## [DATASET EXCERPT]
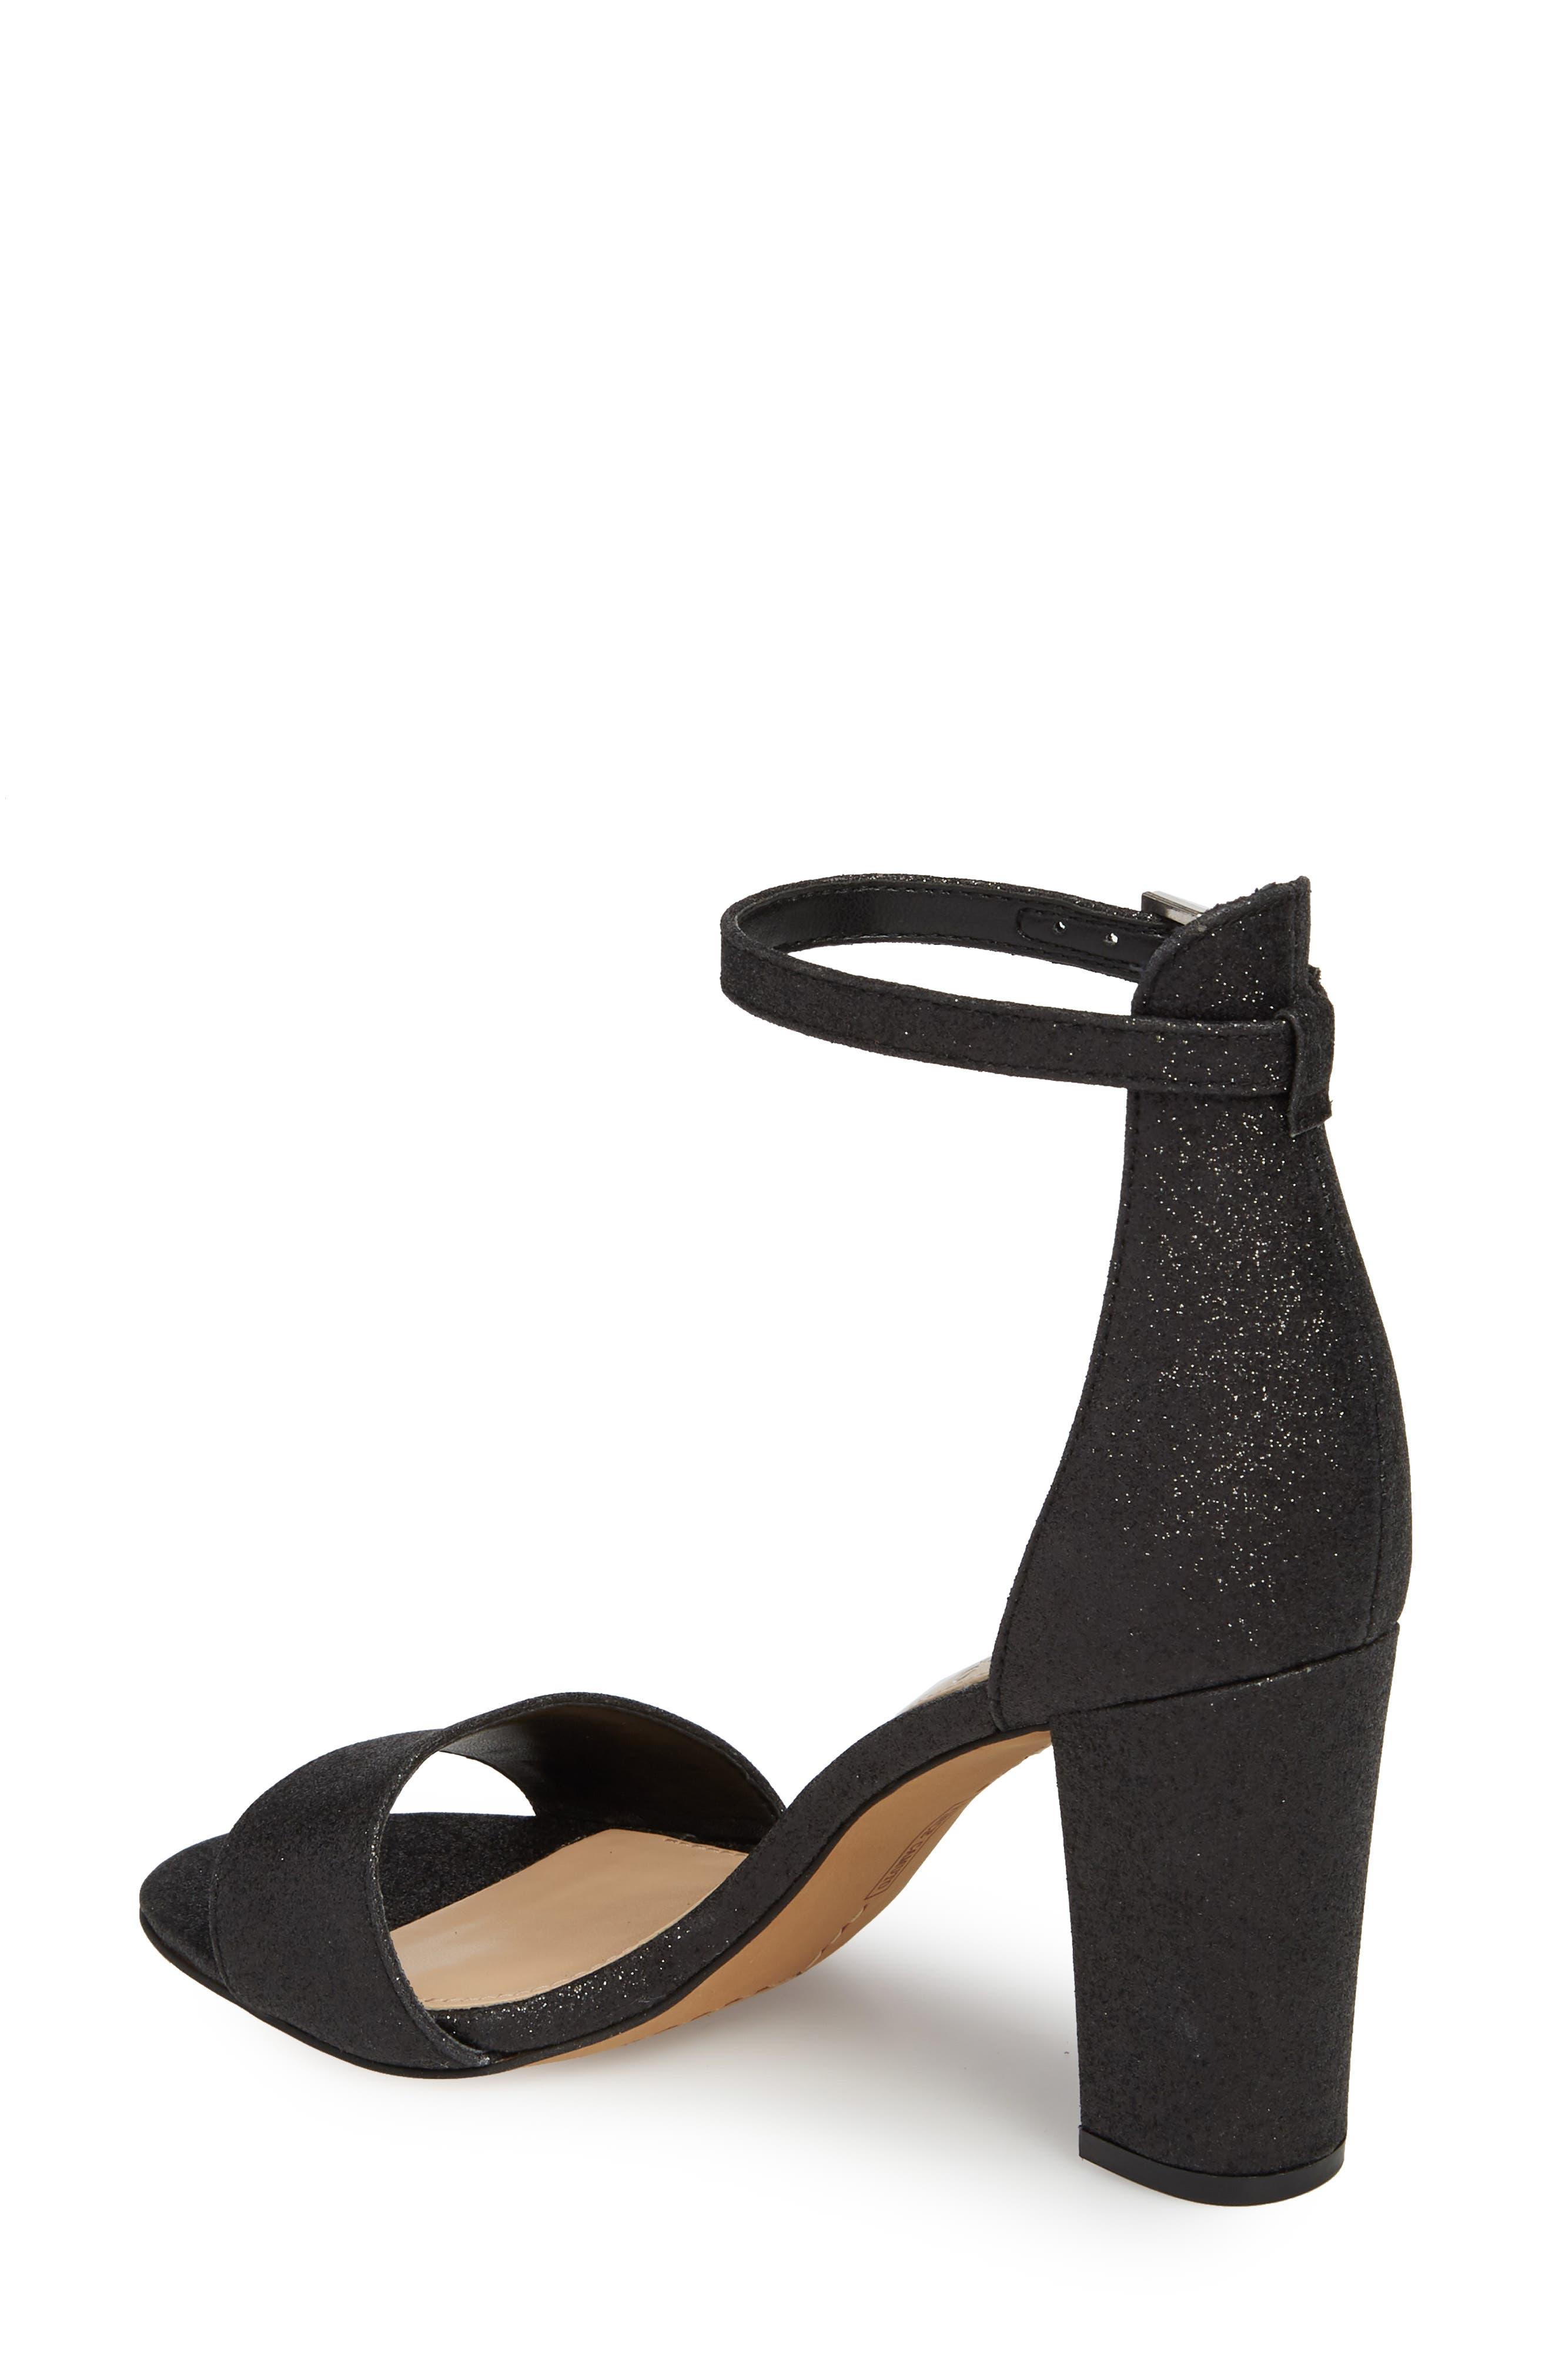 Corlina Ankle Strap Sandal,                             Alternate thumbnail 2, color,                             Black Glitter Fabric
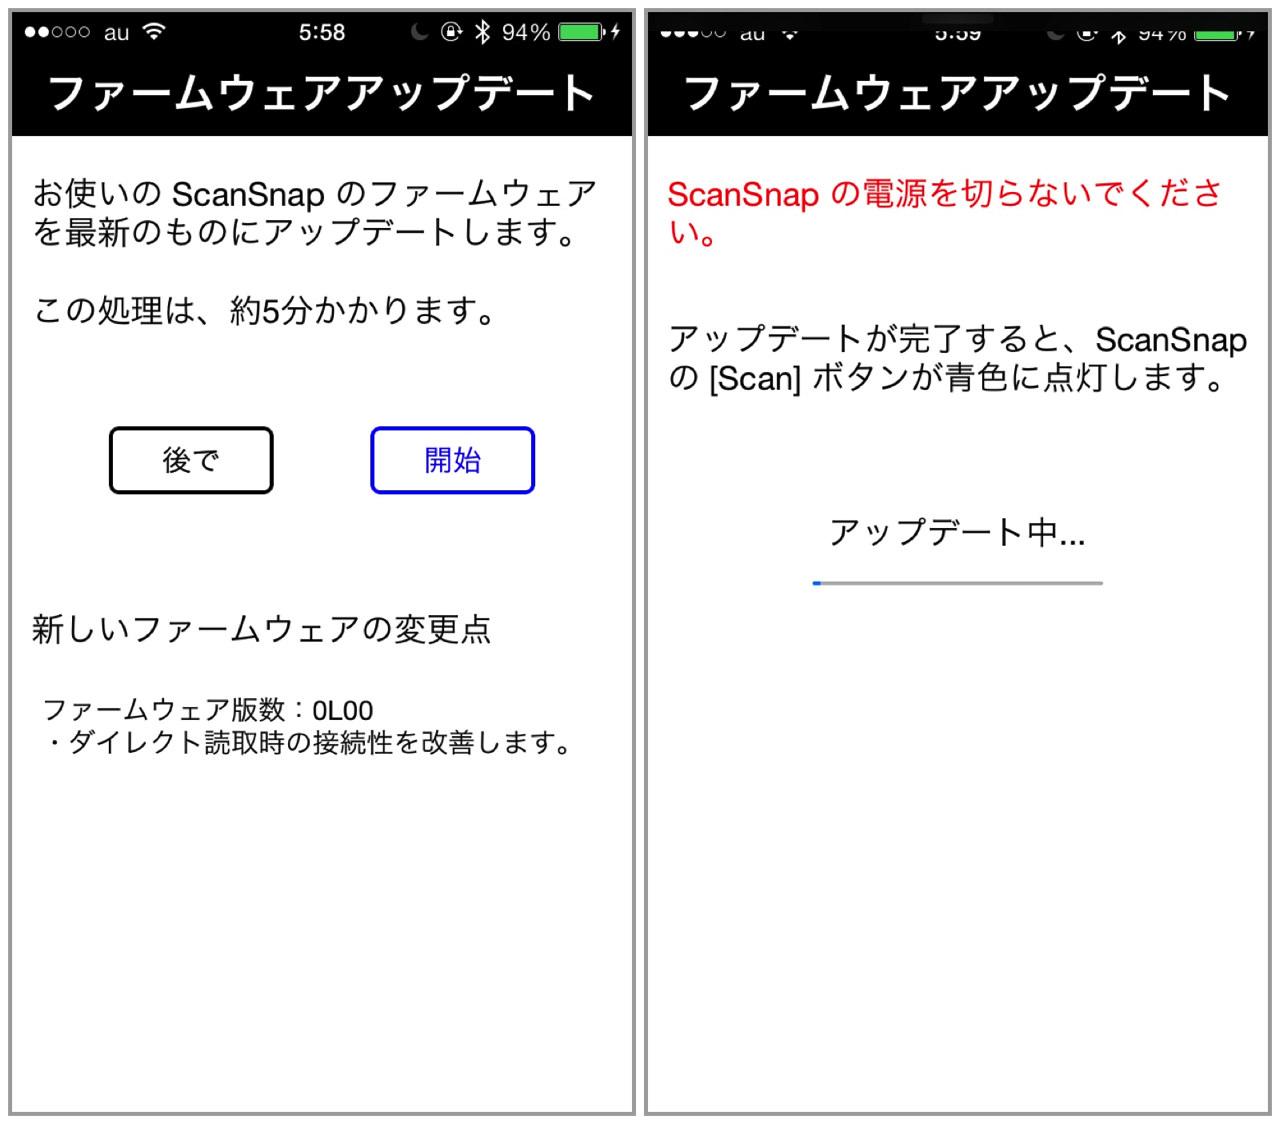 Fujitsu pfu scansnap ix100 snow white11
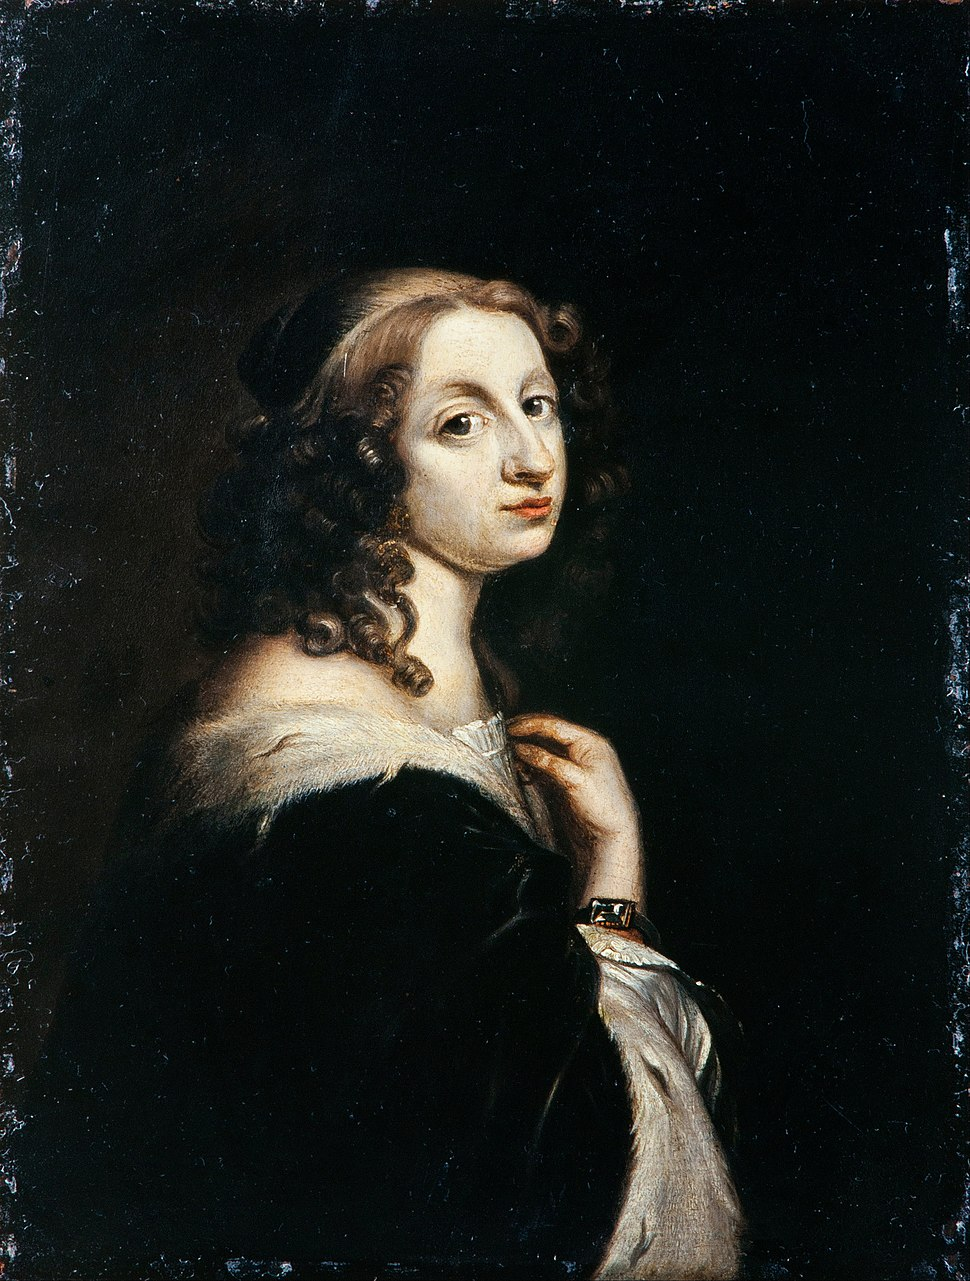 David Beck - Christina, Queen of Sweden 1644-1654 - Google Art Project
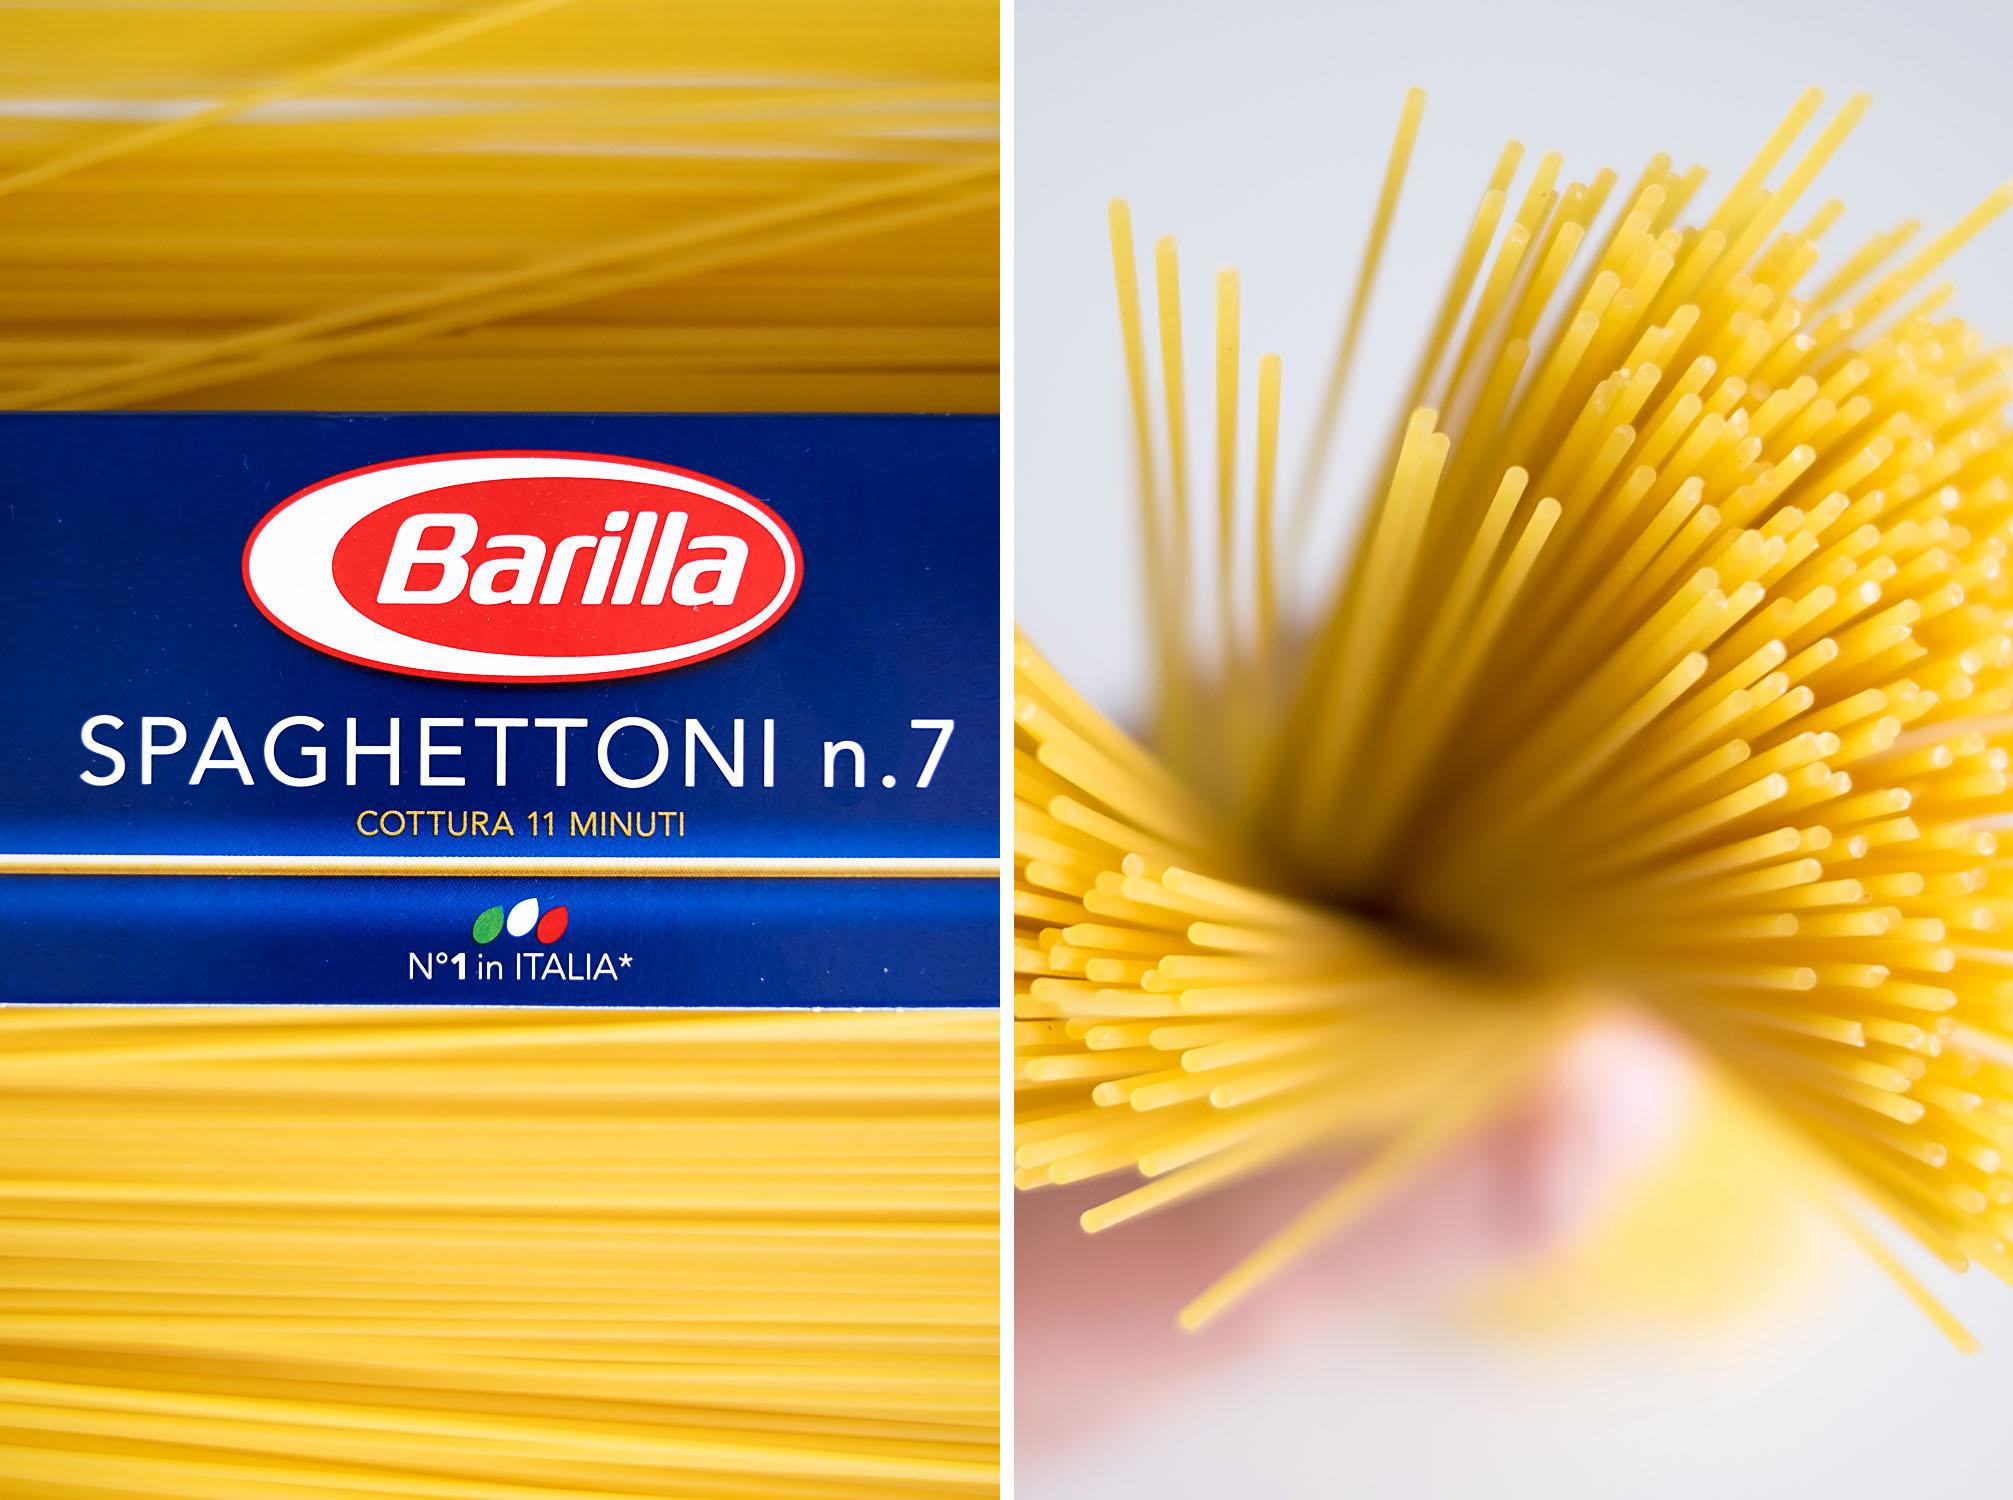 Spaghetti Barilla with Rocket and Walnut Pesto Sauce {recipe and photography by Mondomulia}

## [TASK GOAL]
Begin at the line containing "David Beck - Christina, Queen" and stop at the last line of the data. Repeat only those lines, exactly, and leave out the pictures.

## [WRITTEN RESPONSE]
 David Beck - Christina, Queen of Sweden 1644-1654 - Google Art Project
 Spaghetti Barilla with Rocket and Walnut Pesto Sauce {recipe and photography by Mondomulia}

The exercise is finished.